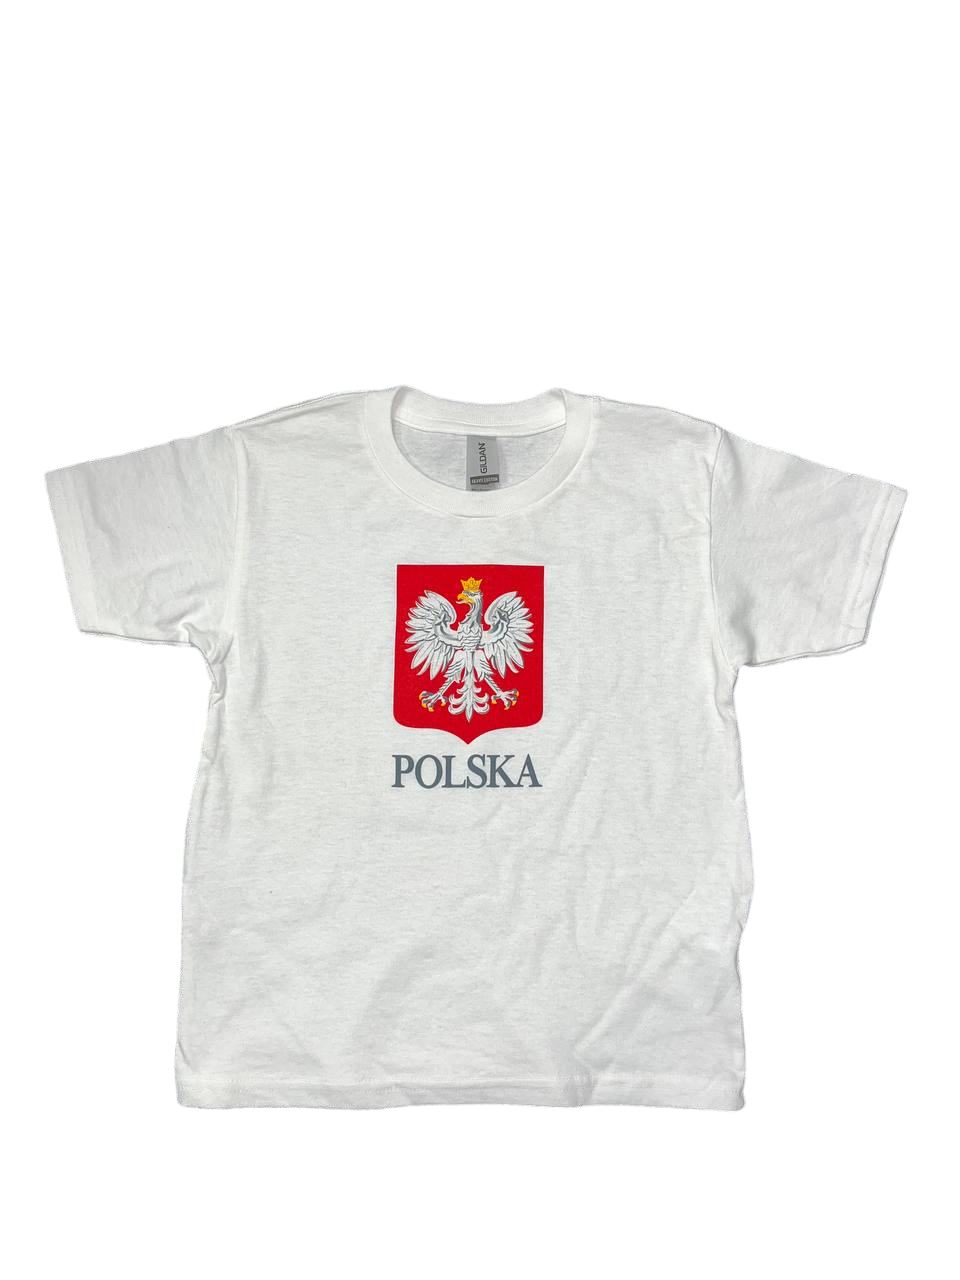 Bulk Of Polish Kids T-Shirt With Eagle Polska and Sign 15 Pack White
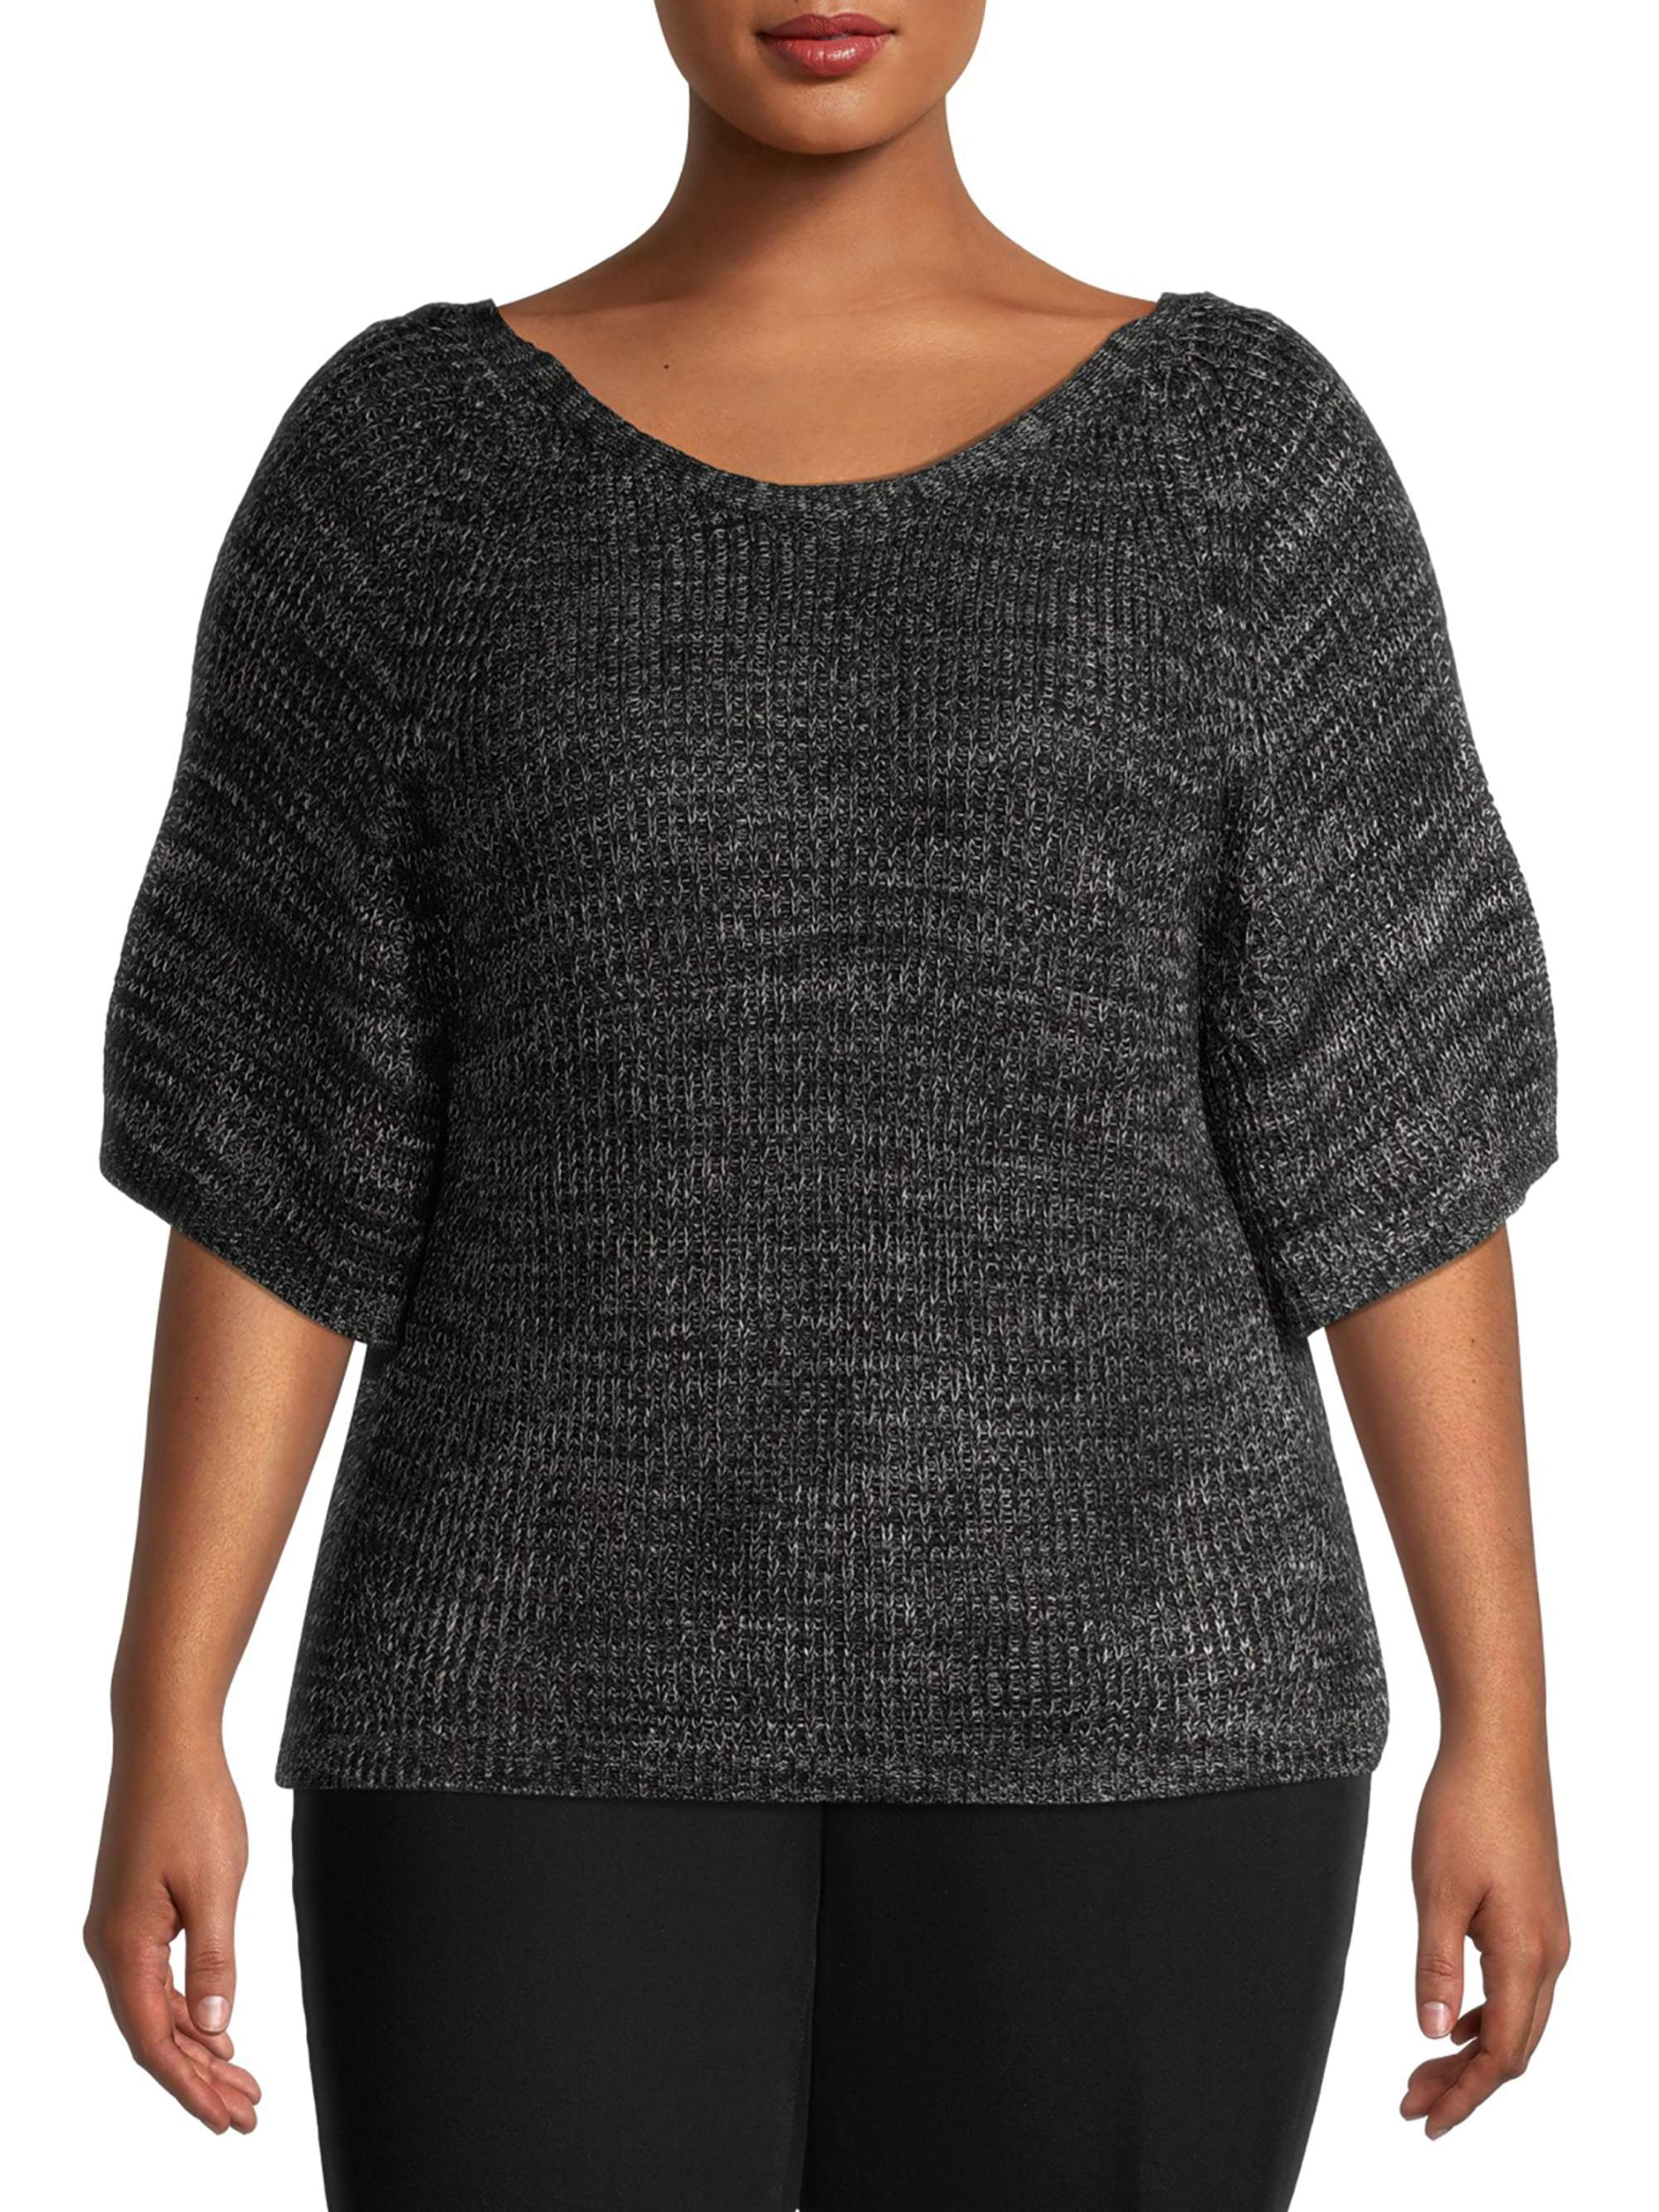 Terra & Sky Plus Size Spacedye Quarter Sleeve Sweater - Walmart.com
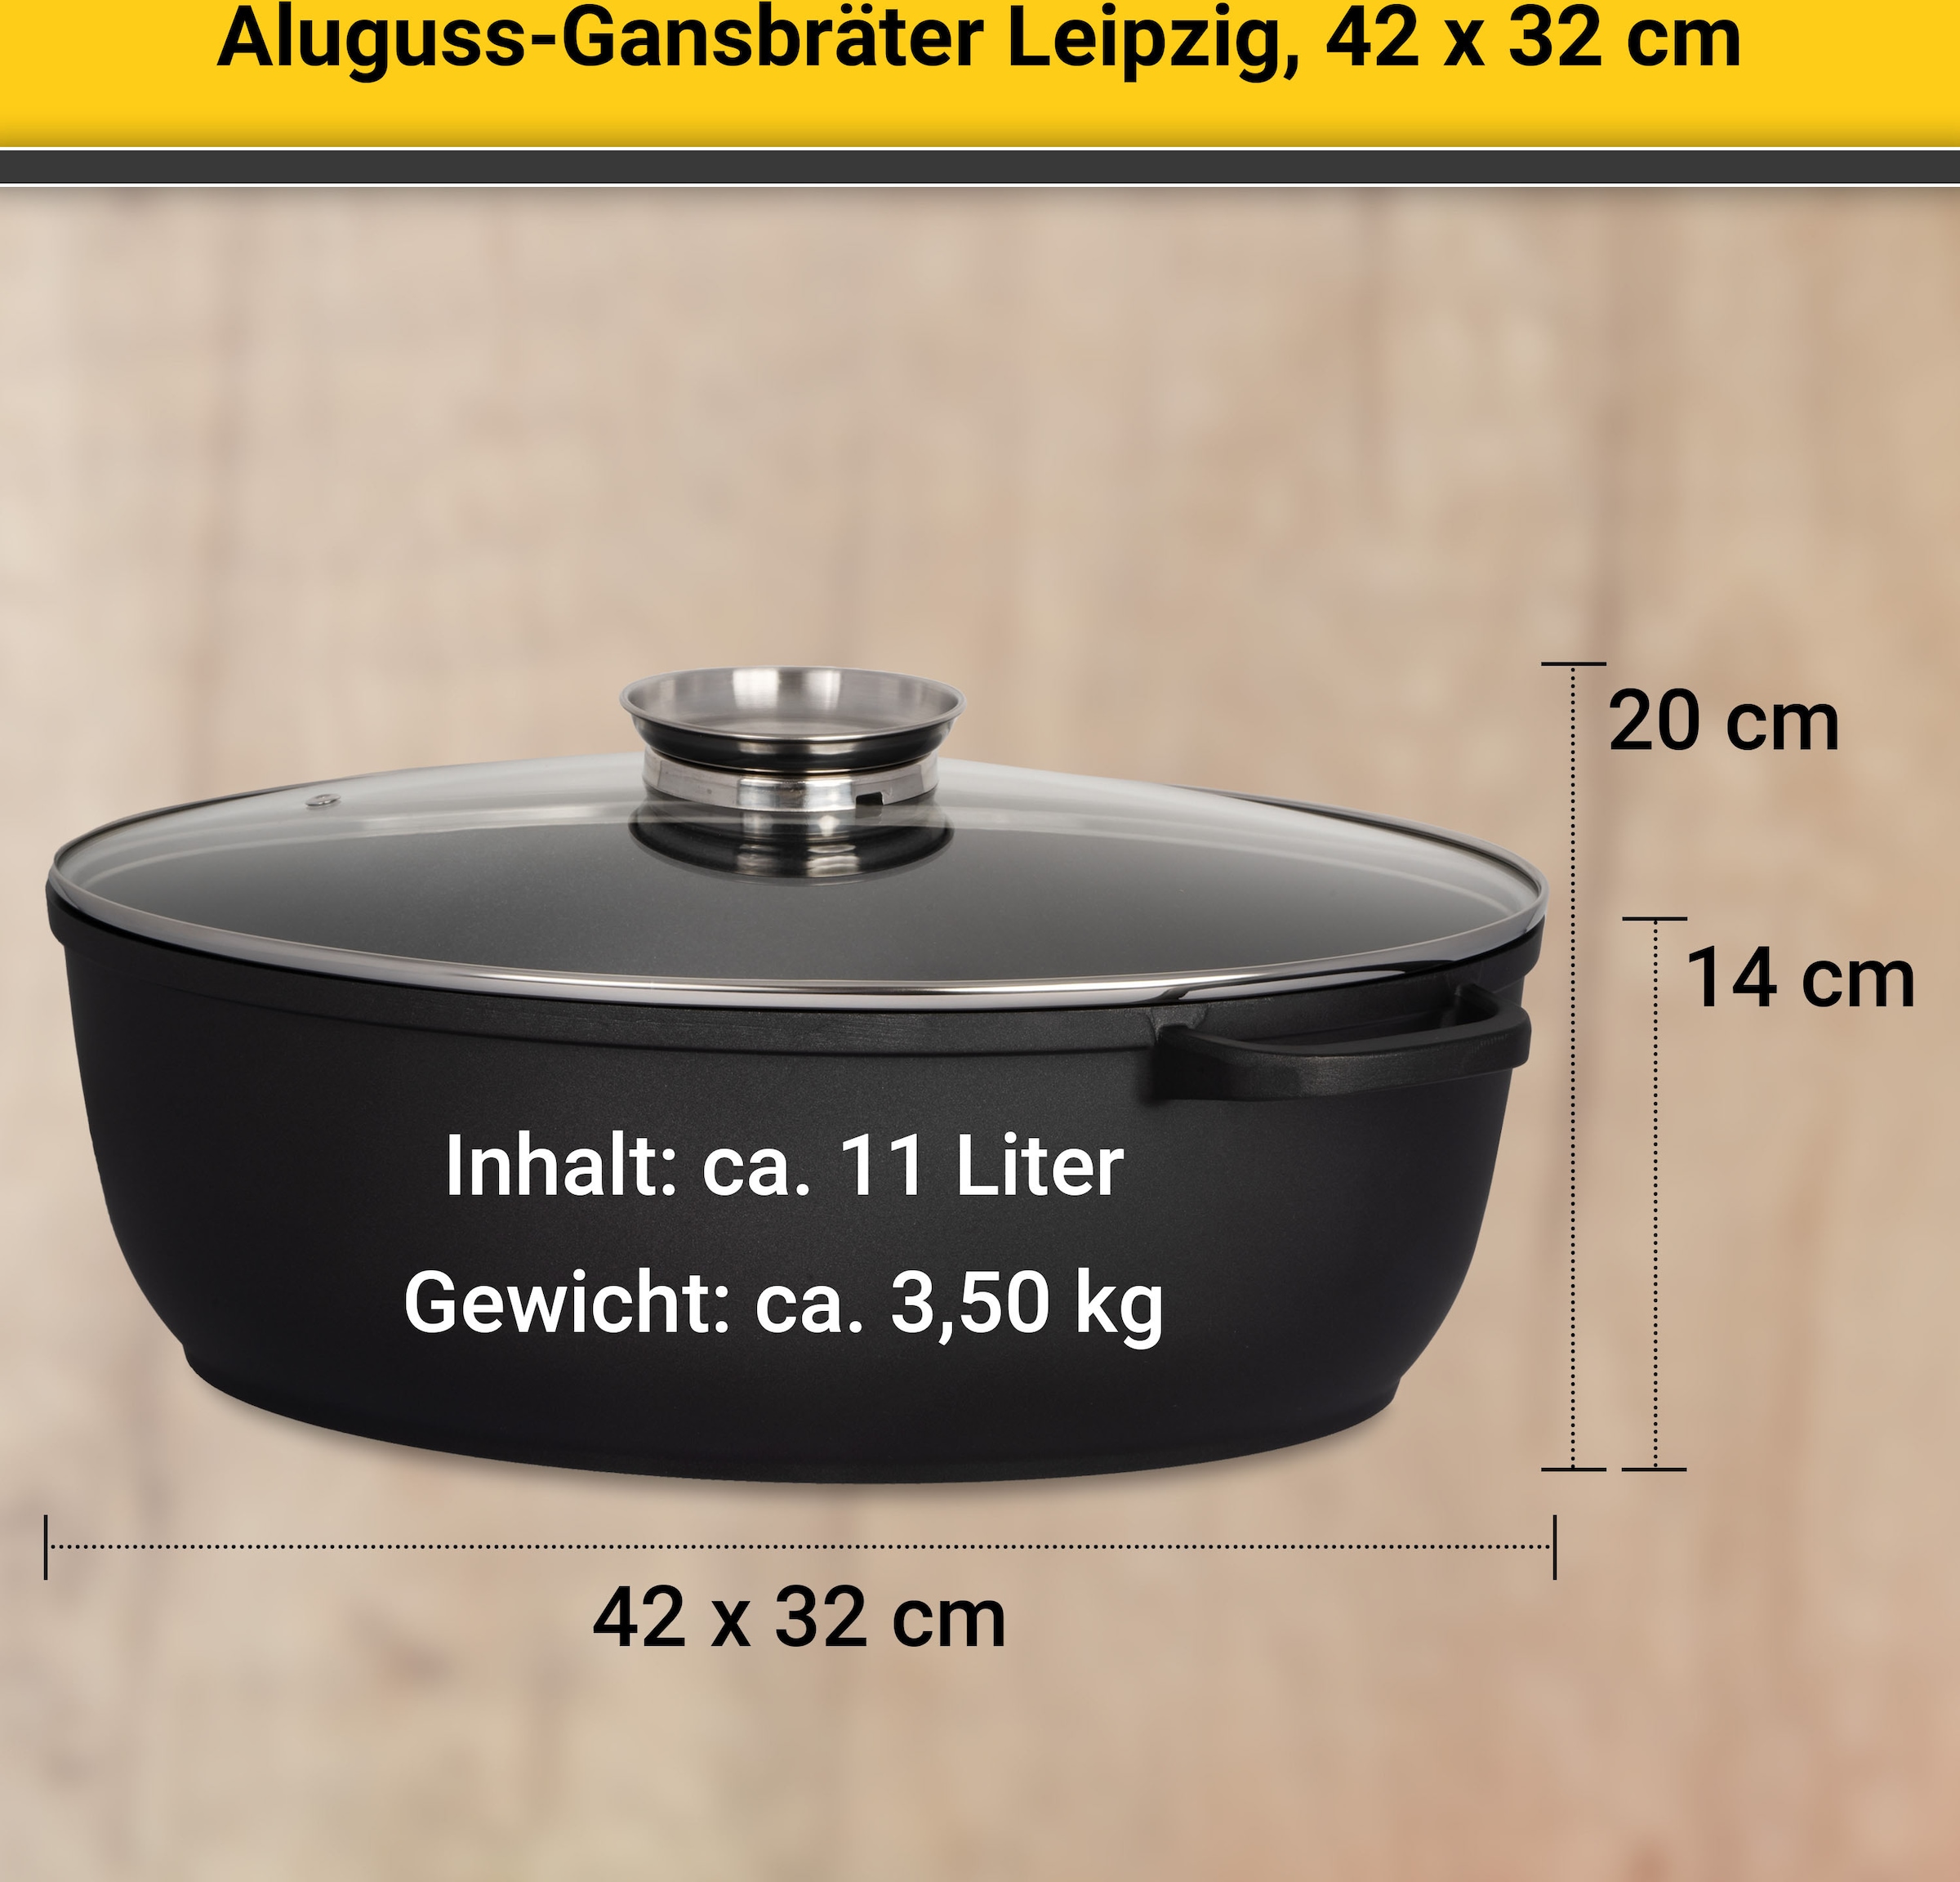 Krüger Bräter »Aluguss Gansbräter mit Glasdeckel und Aromaknopf LEIPZIG, 42x32x14 cm«, Aluminiumguss, (1 tlg.), hochwertige Antihaft-Versiegelung

##########

● What to produce
Print all of the data exactly, and do not carry over any pictures.

● Solution for this exercise
 Bulk Of Polish Kids T-Shirt With Eagle Polska and Sign 15 Pack White
 Terra & Sky Plus Size Spacedye Quarter Sleeve Sweater - Walmart.com
 Krüger Bräter »Aluguss Gansbräter mit Glasdeckel und Aromaknopf LEIPZIG, 42x32x14 cm«, Aluminiumguss, (1 tlg.), hochwertige Antihaft-Versiegelung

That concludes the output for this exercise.